The useful part of a router's CD is the User Guide. But most times you can find it online and download it.

Putting your modem/router into bridge mode means to bypass the router function and make it work as a simple modem. And, yes, if you do that then you must configure your wireless router to make the internet connection.

If you do not wish to do that, you can leave the modem/router as is and use JohnWill's oft-posted procedure to configure your wireless router as an ethernet switch and wireless access point. See following copy.
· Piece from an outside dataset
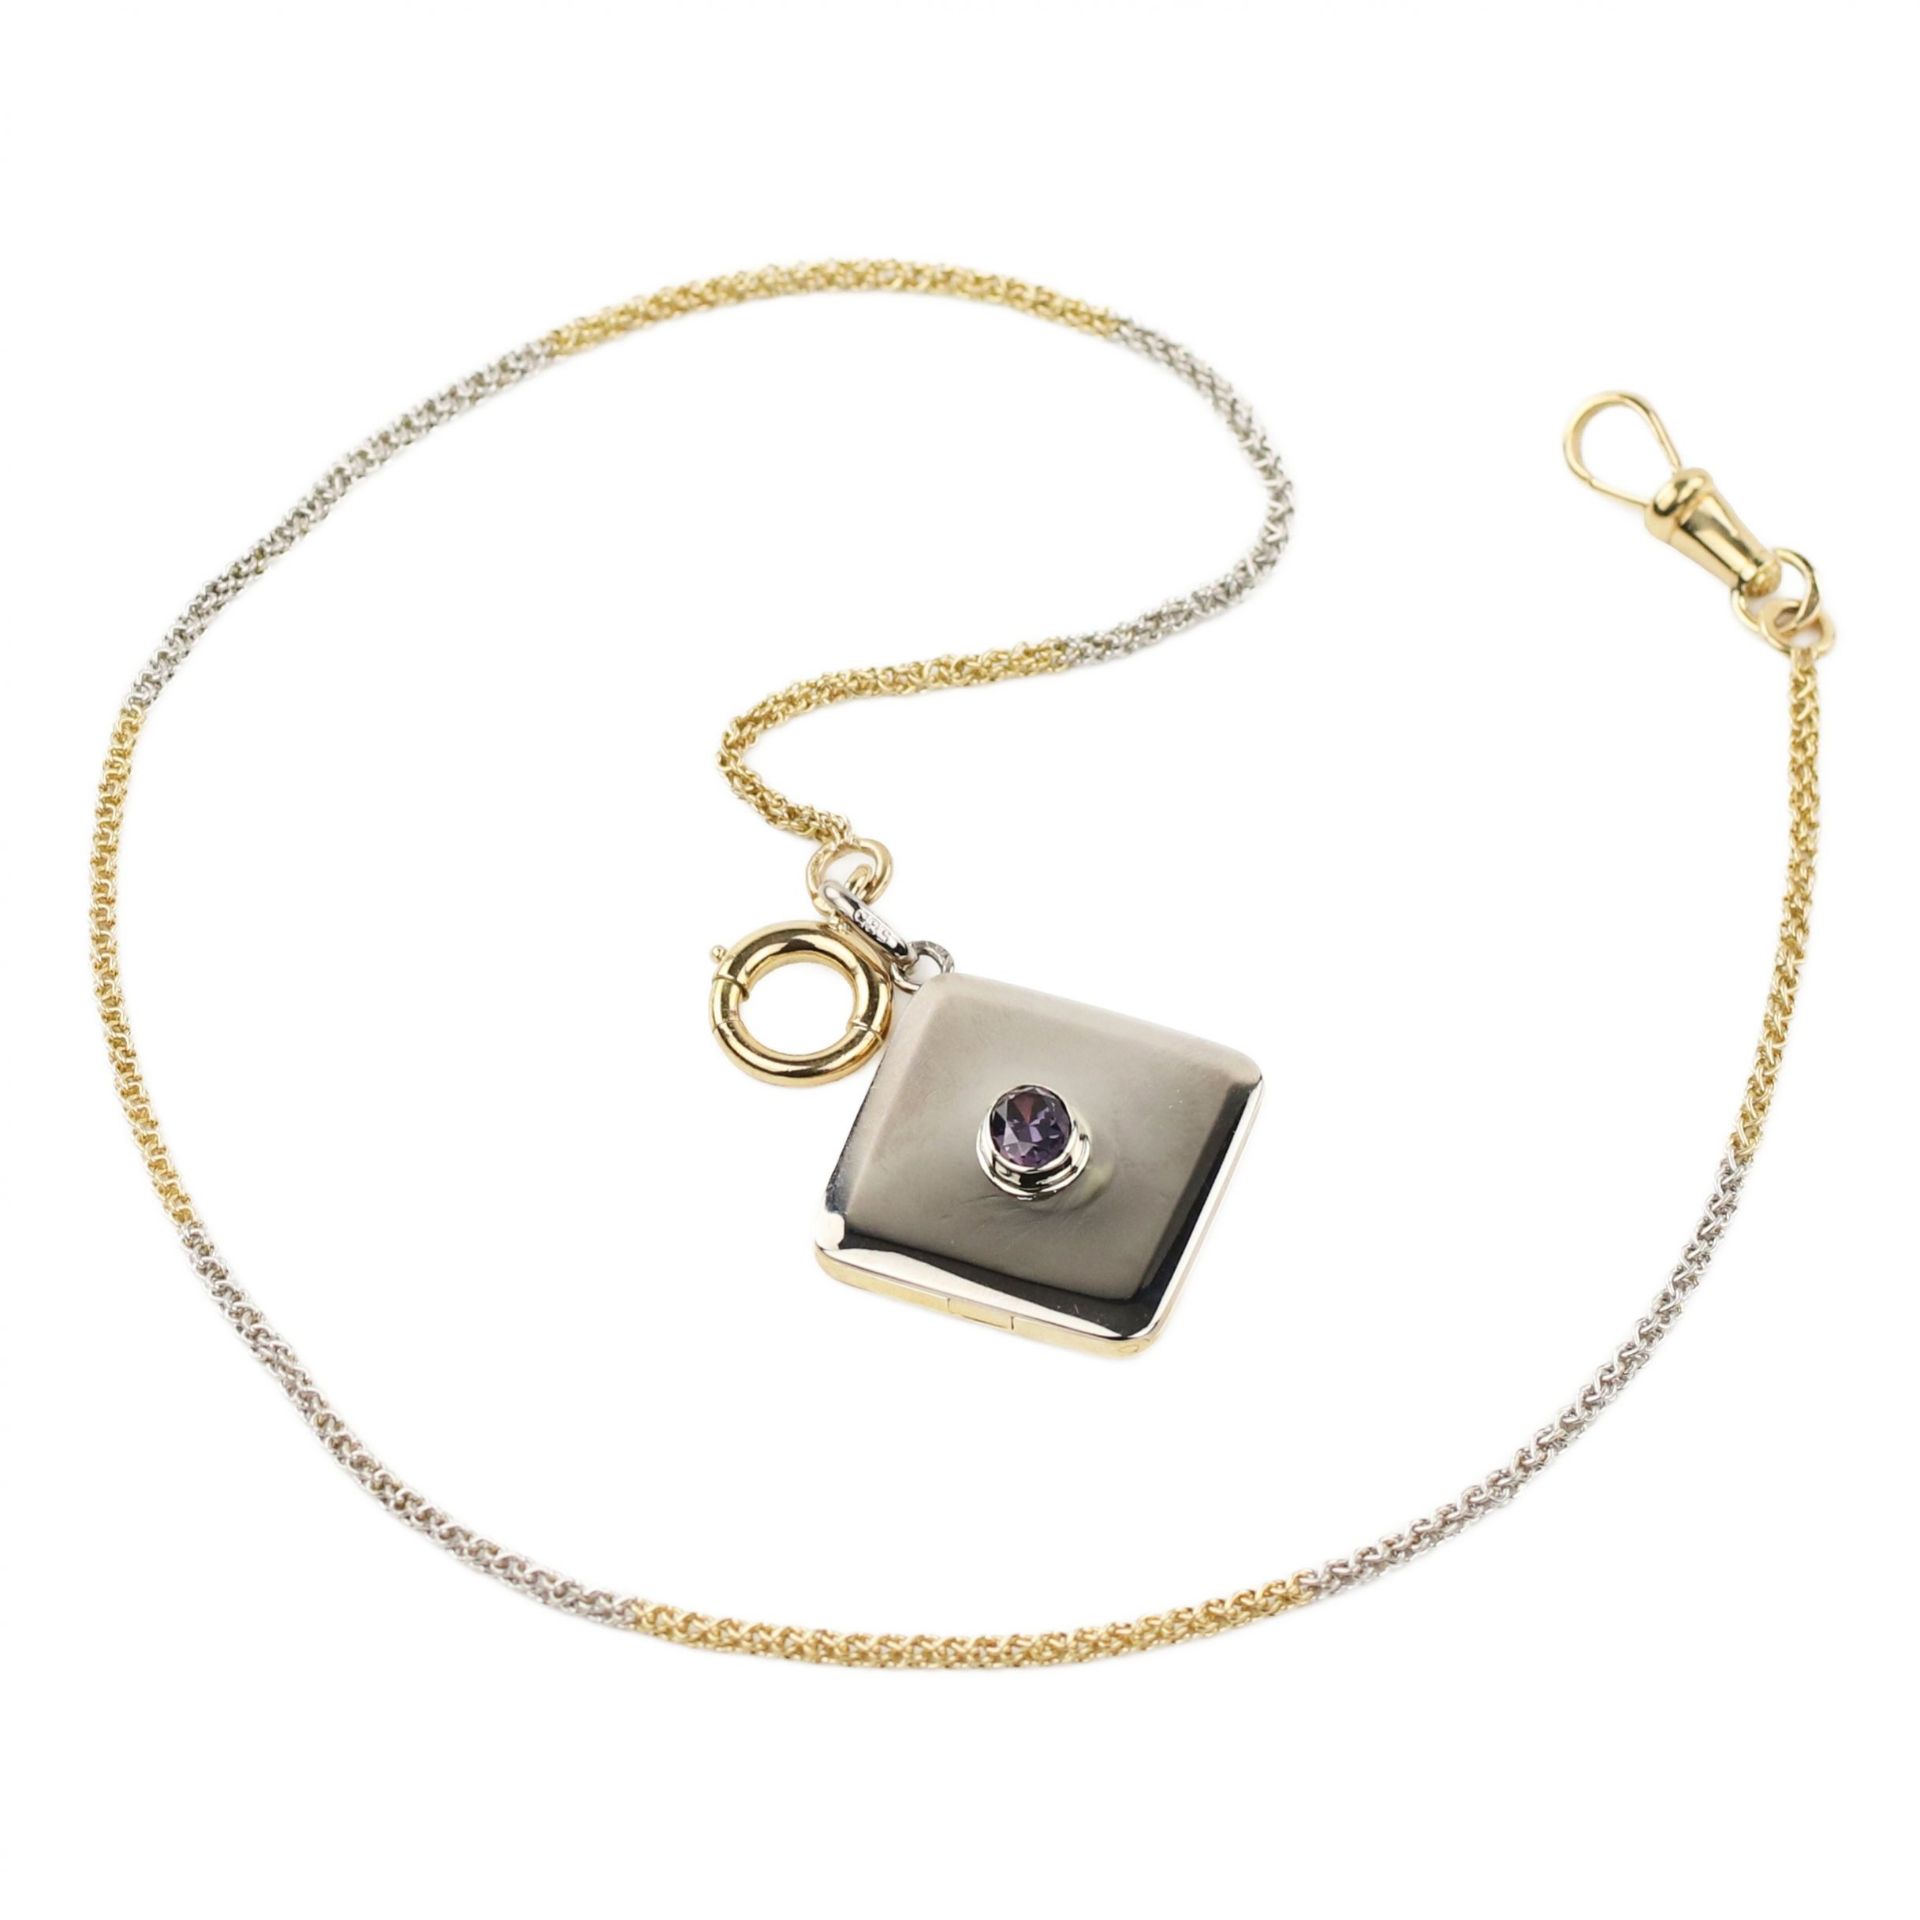 Russian gold chain for pocket watches with a diamond-shaped pendant. The turn of the 19th-20th centu

Connecting two SOHO broadband routers together. - JohnWill

Configure the IP address of the secondary router to be in the same subnet as the primary router, but out of the range of the DHCP server in the primary router. For instance DHCP server addresses 192.168.0.2 through 192.168.0.100, I'd assign the secondary router 192.168.0.254 as it's IP address.

Disable the DHCP server in the secondary router.
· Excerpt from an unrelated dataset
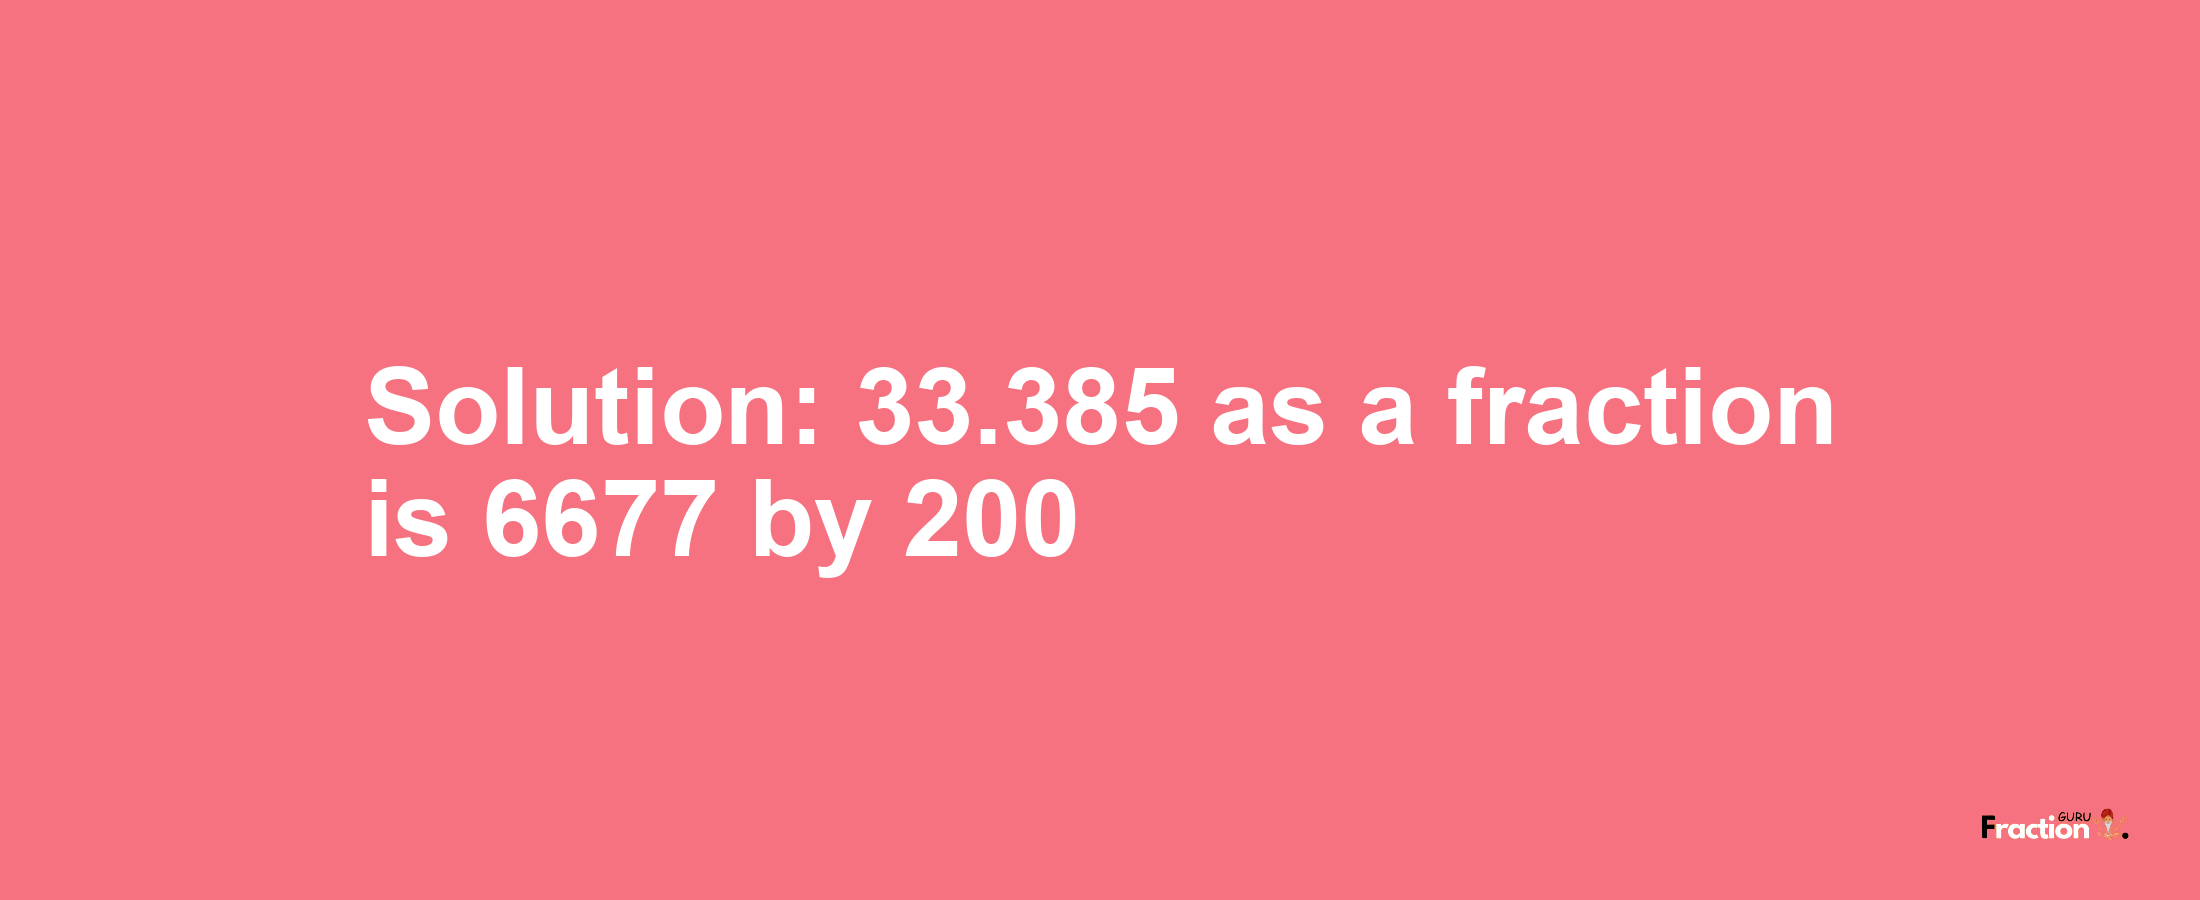 Solution:33.385 as a fraction is 6677/200

Setup the wireless section just the way you would if it was the primary router.

Connect from the primary router's LAN port to one of the LAN ports on the secondary router. If there is no uplink port and neither of the routers have auto-sensing ports, use a cross-over cable. Leave the WAN port unconnected!


----------



## niklas0 (Dec 29, 2006)

Thanks guys I think I got it. I set the Westell to bridge like the directions said. I hooked everything up. On the Ativa I changed the 
Conection type to PPPoE and put in my username and password
I left the MTU setting at 1454 and set it to Auto Connect
I left the DNS and MAC setting alone. 
I left the LAN settings alone.
I changed the SSID and I set the WEP.

Everything seems to be working now.

Are there any setting I'm overlooking?


----------



## TerryNet (Mar 23, 2005)

Sounds good. You can mark this 'solved' using the Thread tools at the upper right.


----------



## JohnWill (Oct 19, 2002)

If it's working, just remember these words.

Don't fix stuff that ain't broke!


----------